▶ _The problem_: You are asked to reproduce the listing exactly and to omit its pictures.

▶ _Given material_:
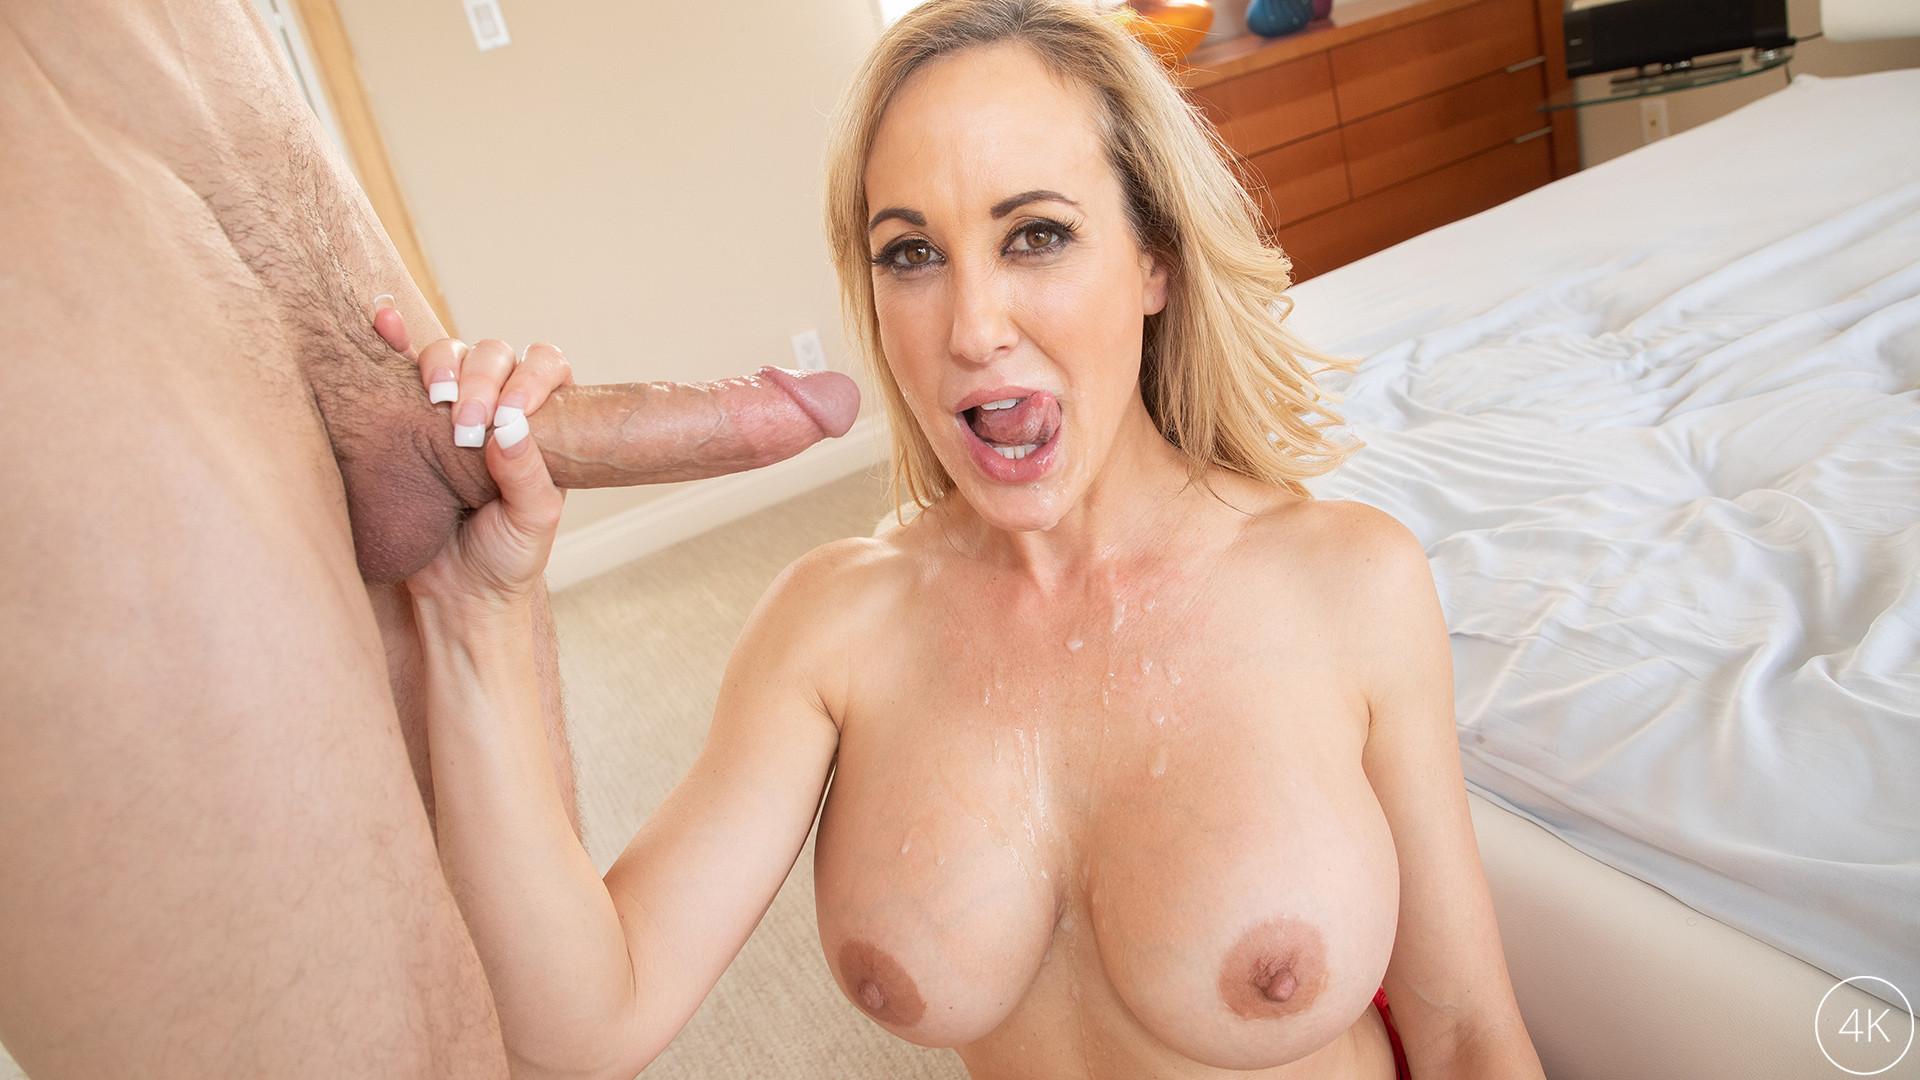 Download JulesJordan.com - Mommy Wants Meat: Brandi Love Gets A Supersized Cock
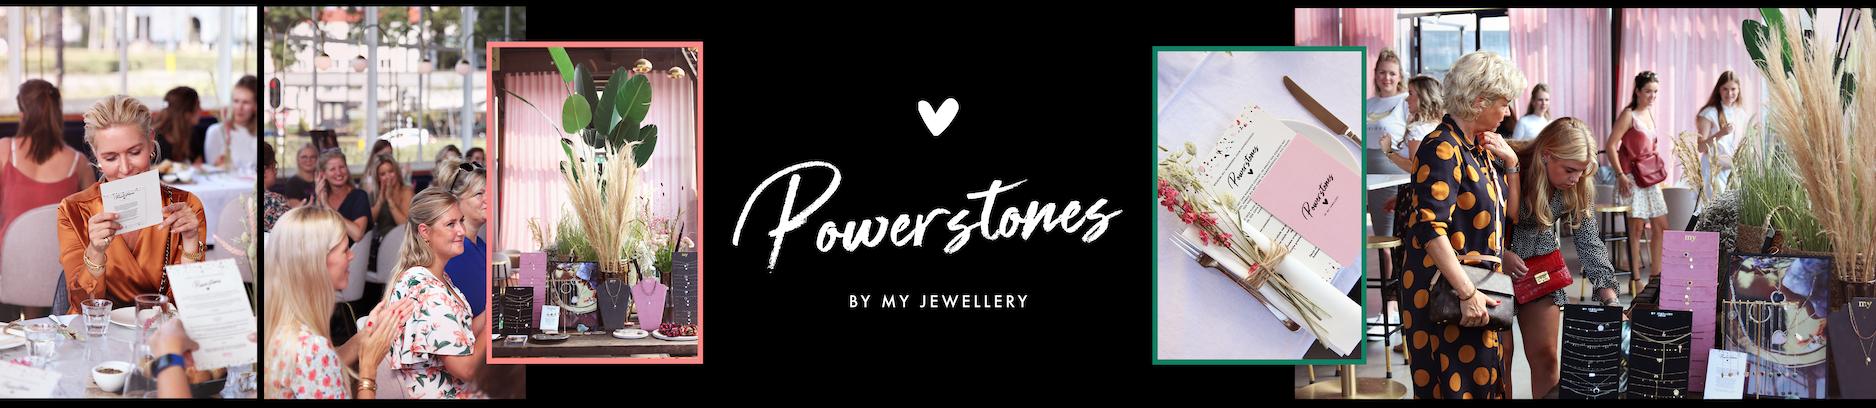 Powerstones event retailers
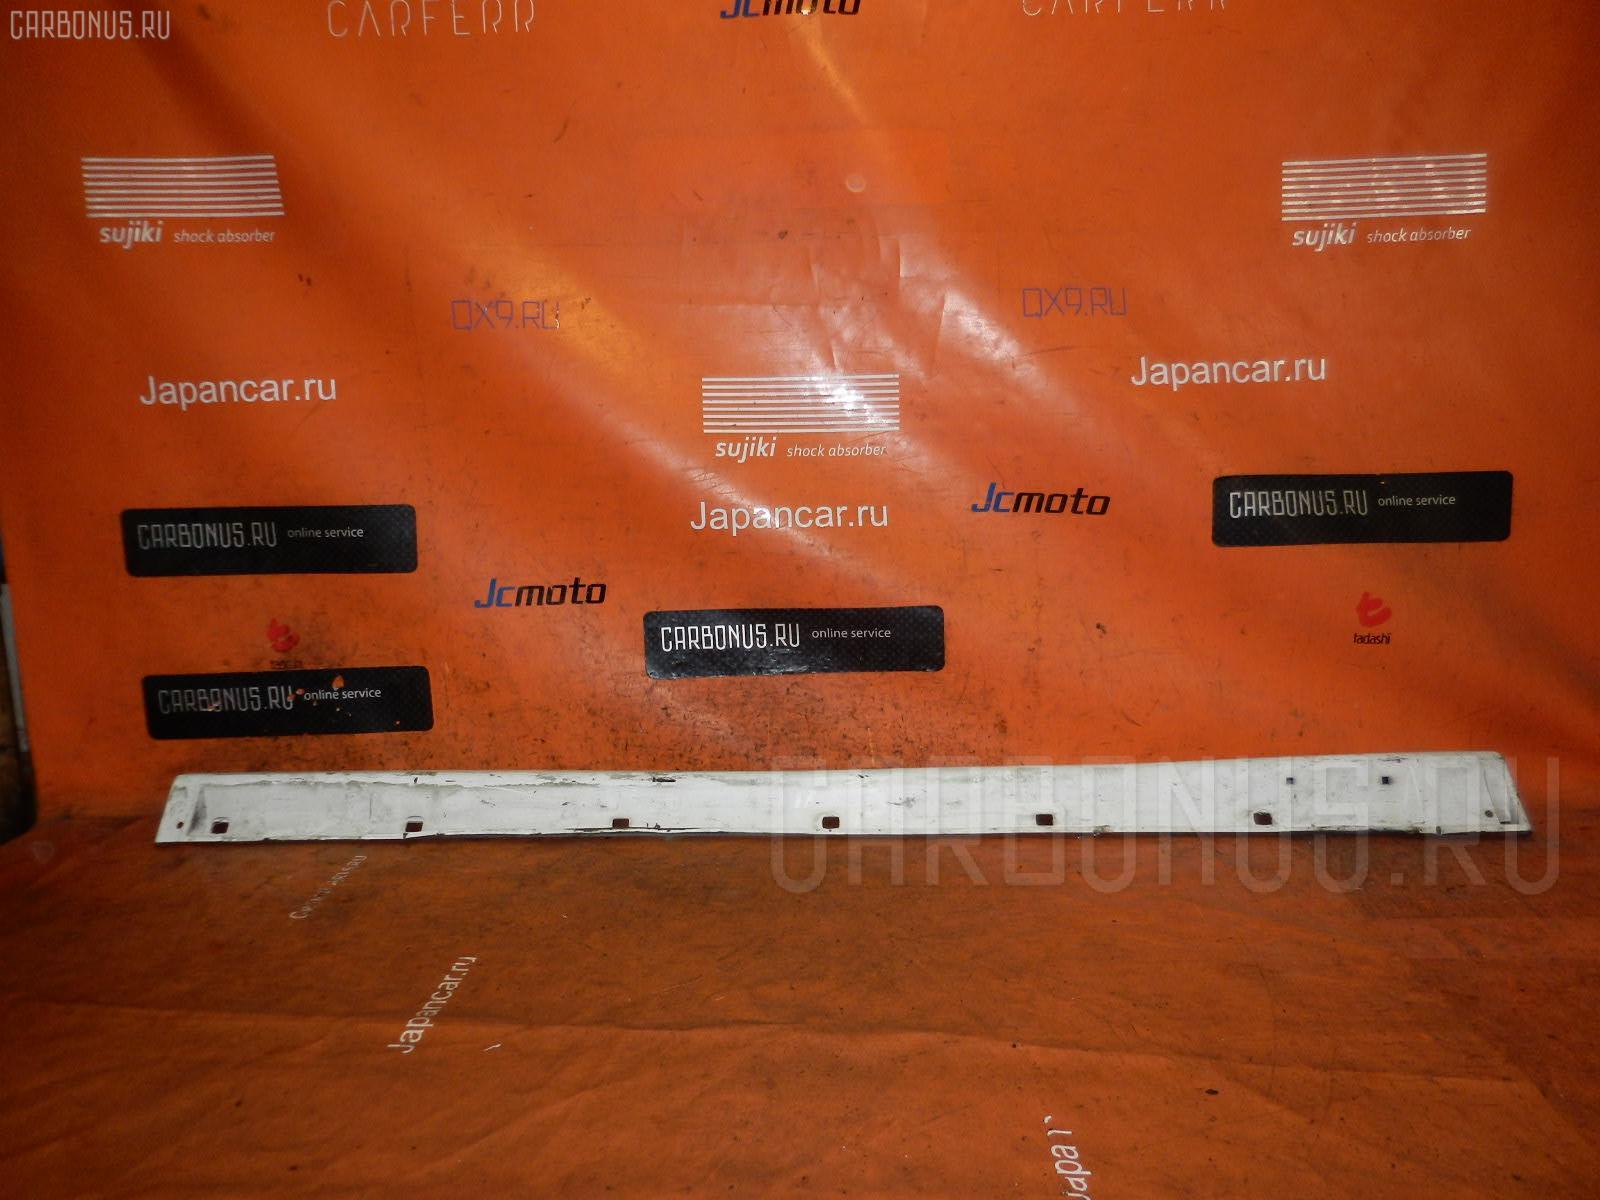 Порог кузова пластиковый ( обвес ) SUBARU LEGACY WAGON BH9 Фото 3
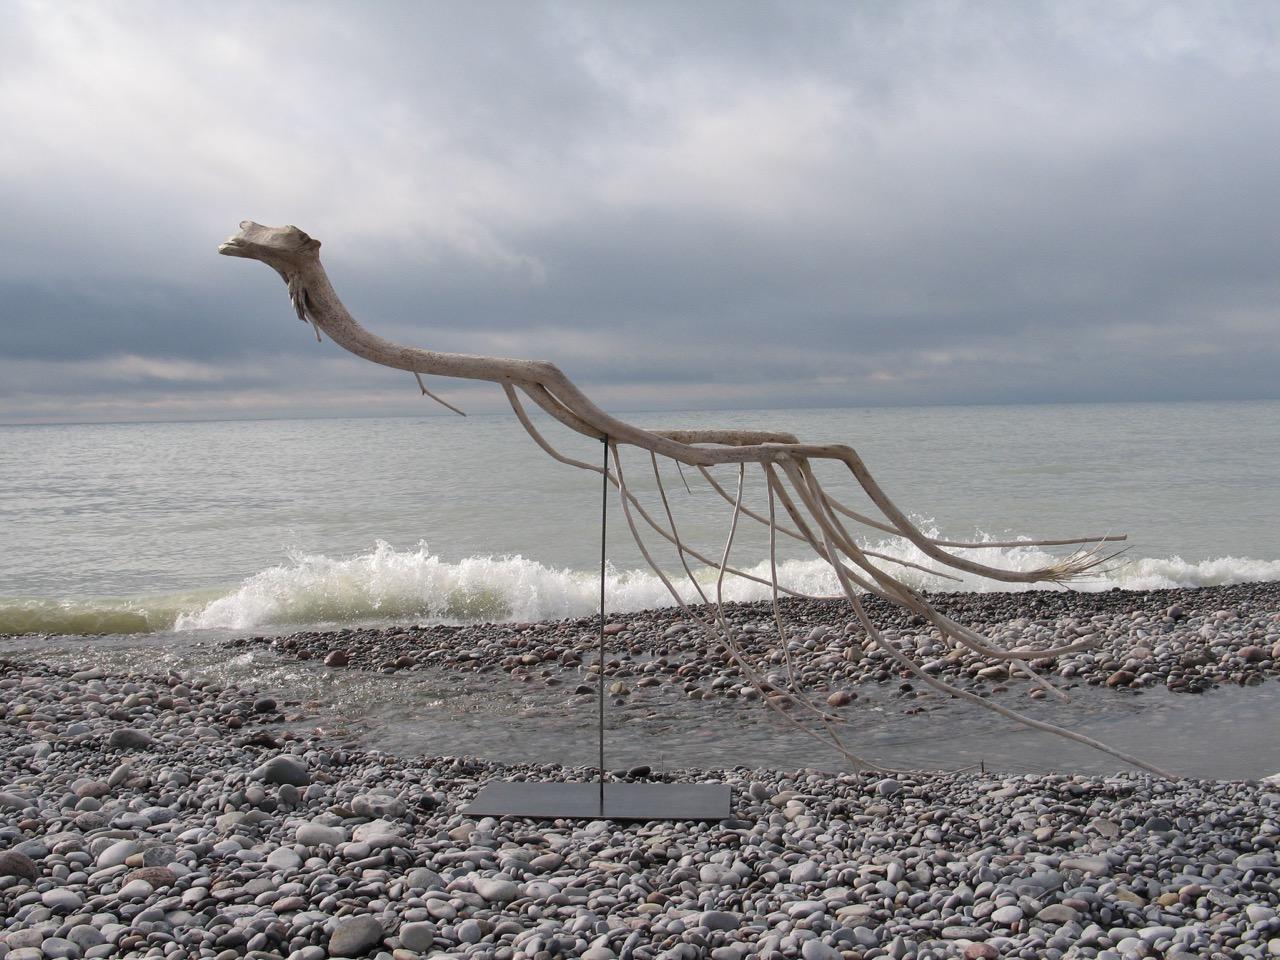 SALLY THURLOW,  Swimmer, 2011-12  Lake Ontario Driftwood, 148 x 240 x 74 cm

▶ _Answer to the problem_:
 Download JulesJordan.com - Mommy Wants Meat: Brandi Love Gets A Supersized Cock
 Powerstones event retailers
 Порог кузова пластиковый ( обвес ) SUBARU LEGACY WAGON BH9 Фото 3
 SALLY THURLOW,  Swimmer, 2011-12  Lake Ontario Driftwood, 148 x 240 x 74 cm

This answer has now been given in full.